AIM OF THE TASK -
From the entries below, please output exactly the lines starting at the one containing "Sri Lanka are" and ending at the one containing "Mild Steel Round Bar Manufacturers in China", both included.
-- MATERIAL PROVIDED follows --
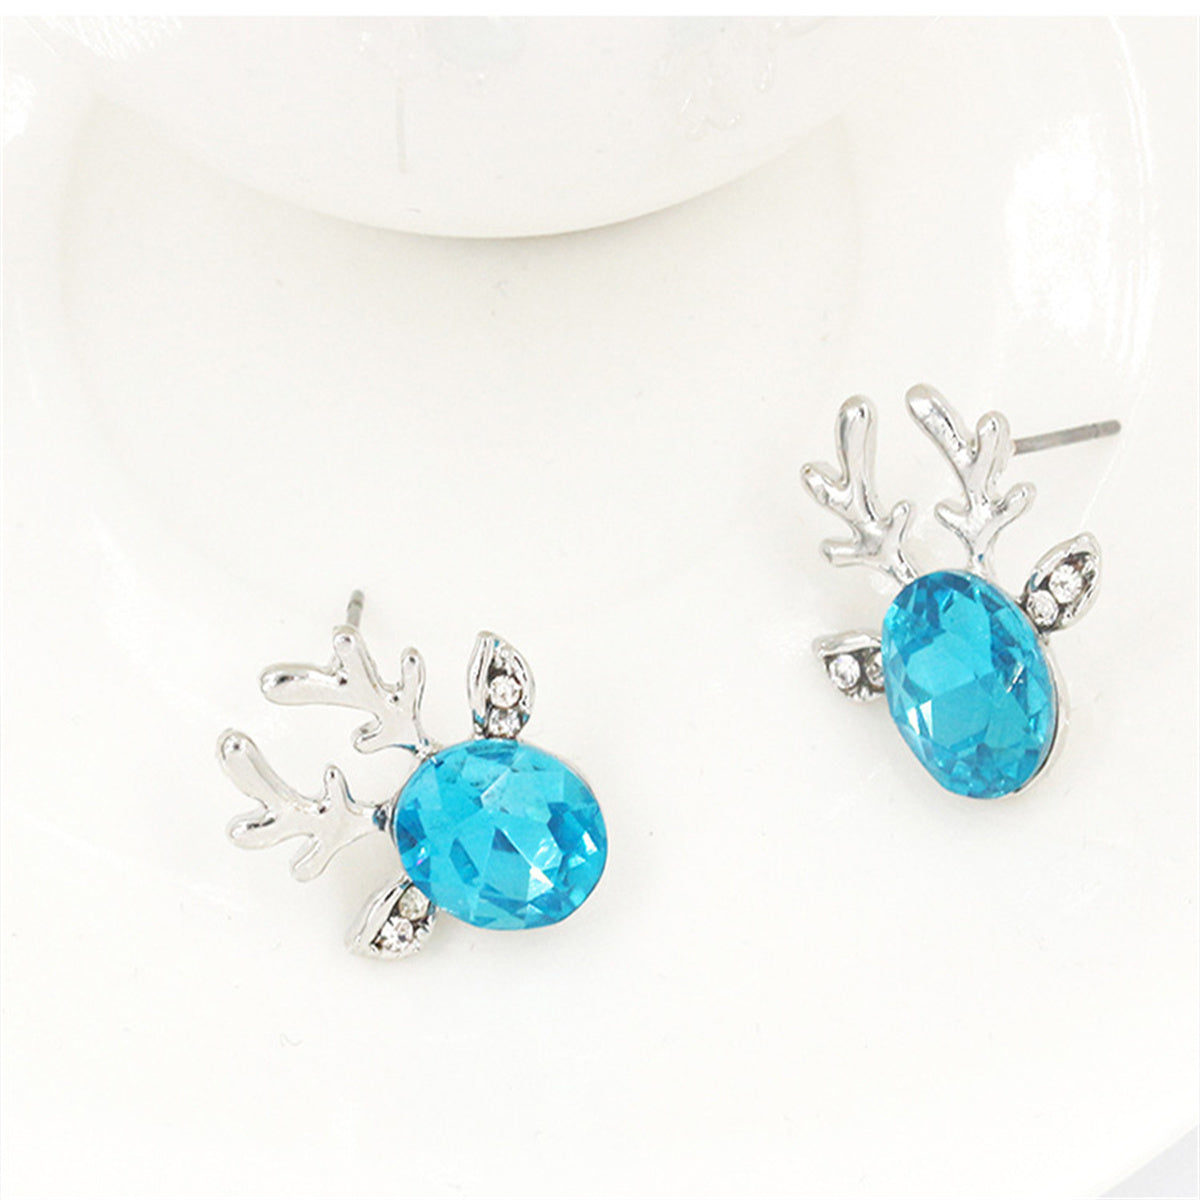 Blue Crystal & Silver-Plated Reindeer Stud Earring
-- MATERIAL PROVIDED concluded --
-- MATERIAL PROVIDED follows --
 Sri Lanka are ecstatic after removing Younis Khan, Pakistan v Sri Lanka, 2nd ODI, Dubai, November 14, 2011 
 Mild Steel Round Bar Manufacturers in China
-- MATERIAL PROVIDED concluded --
-- MATERIAL PROVIDED follows --
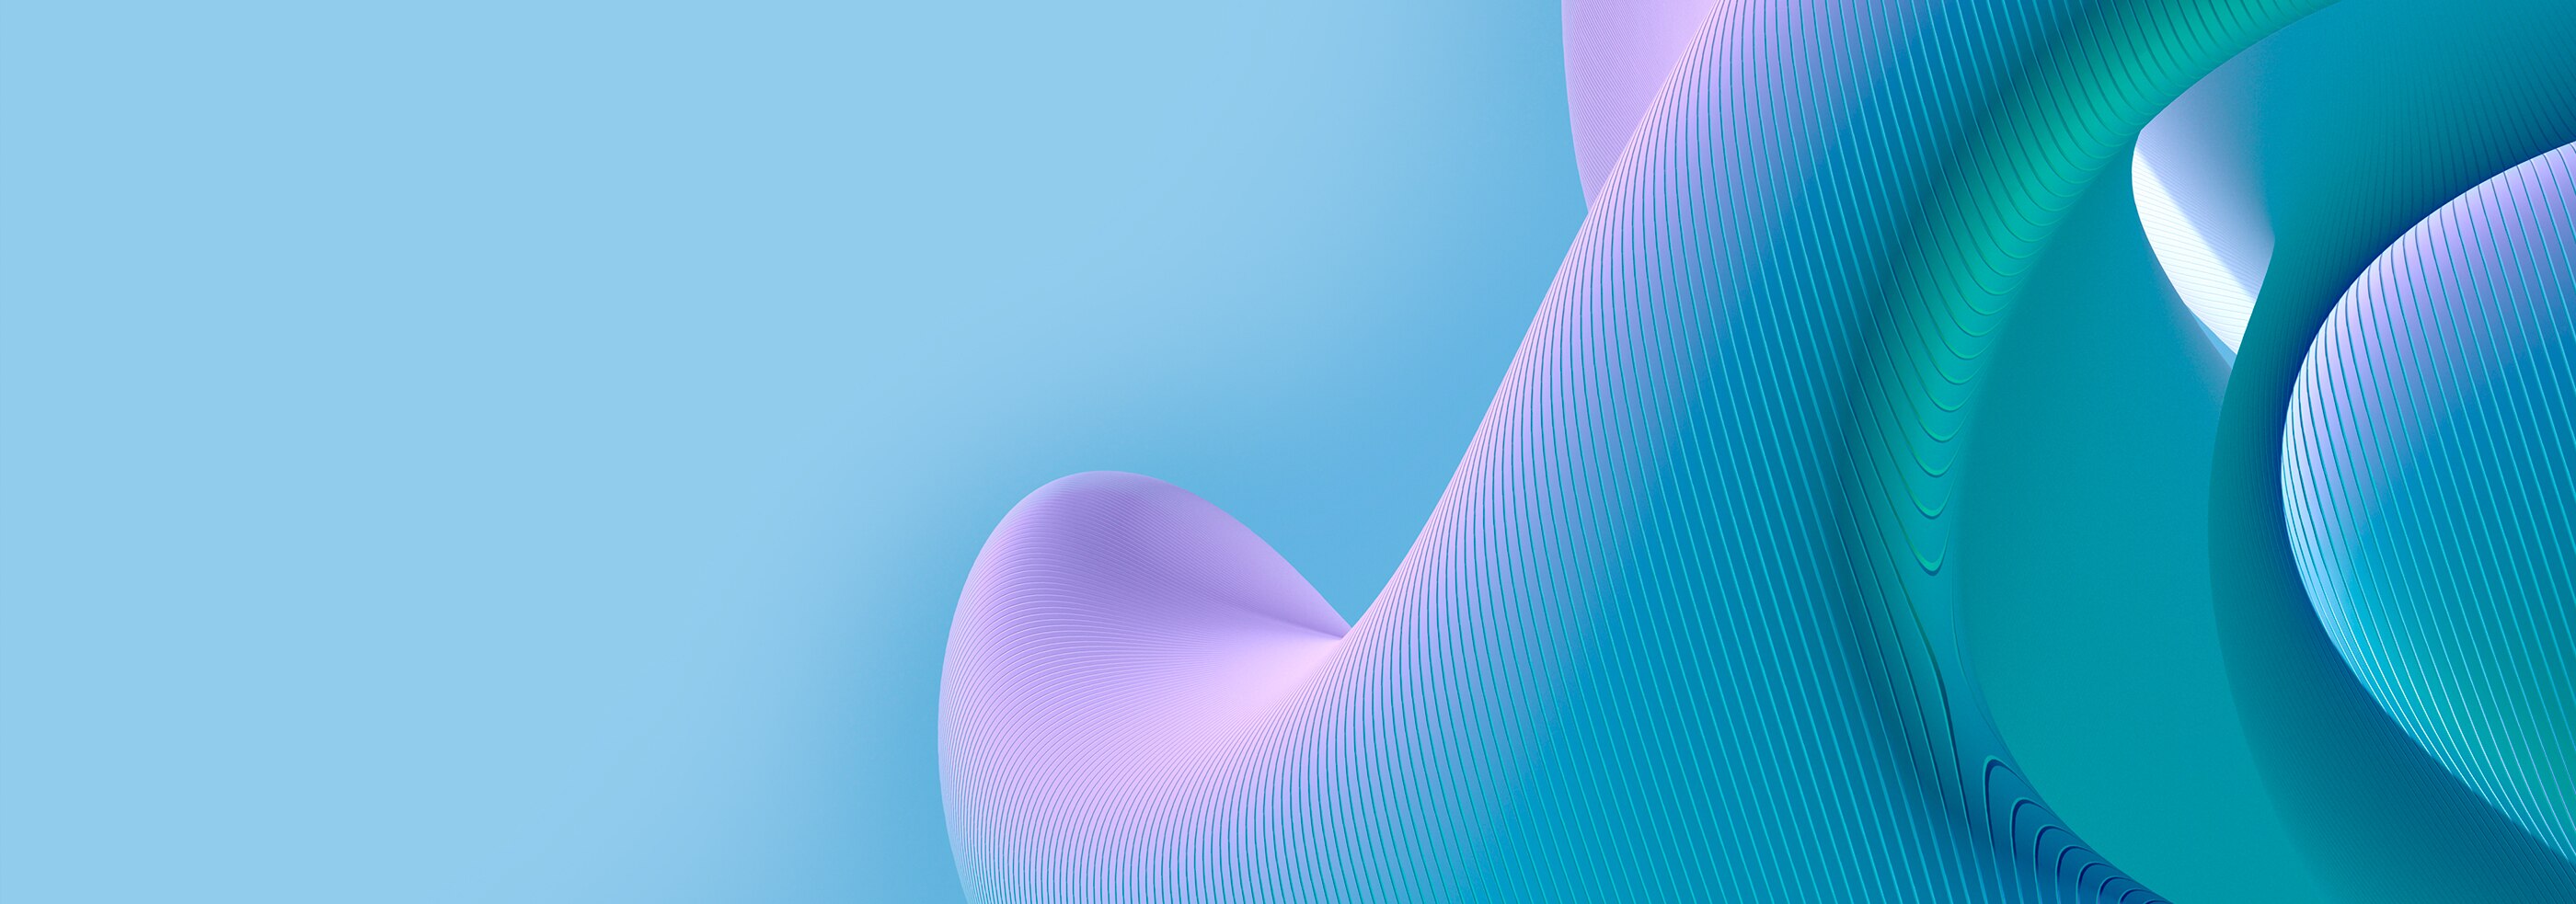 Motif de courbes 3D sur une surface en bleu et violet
-- MATERIAL PROVIDED concluded --
OUTPUT OF THE EXERCISE -
 Sri Lanka are ecstatic after removing Younis Khan, Pakistan v Sri Lanka, 2nd ODI, Dubai, November 14, 2011 
 Mild Steel Round Bar Manufacturers in China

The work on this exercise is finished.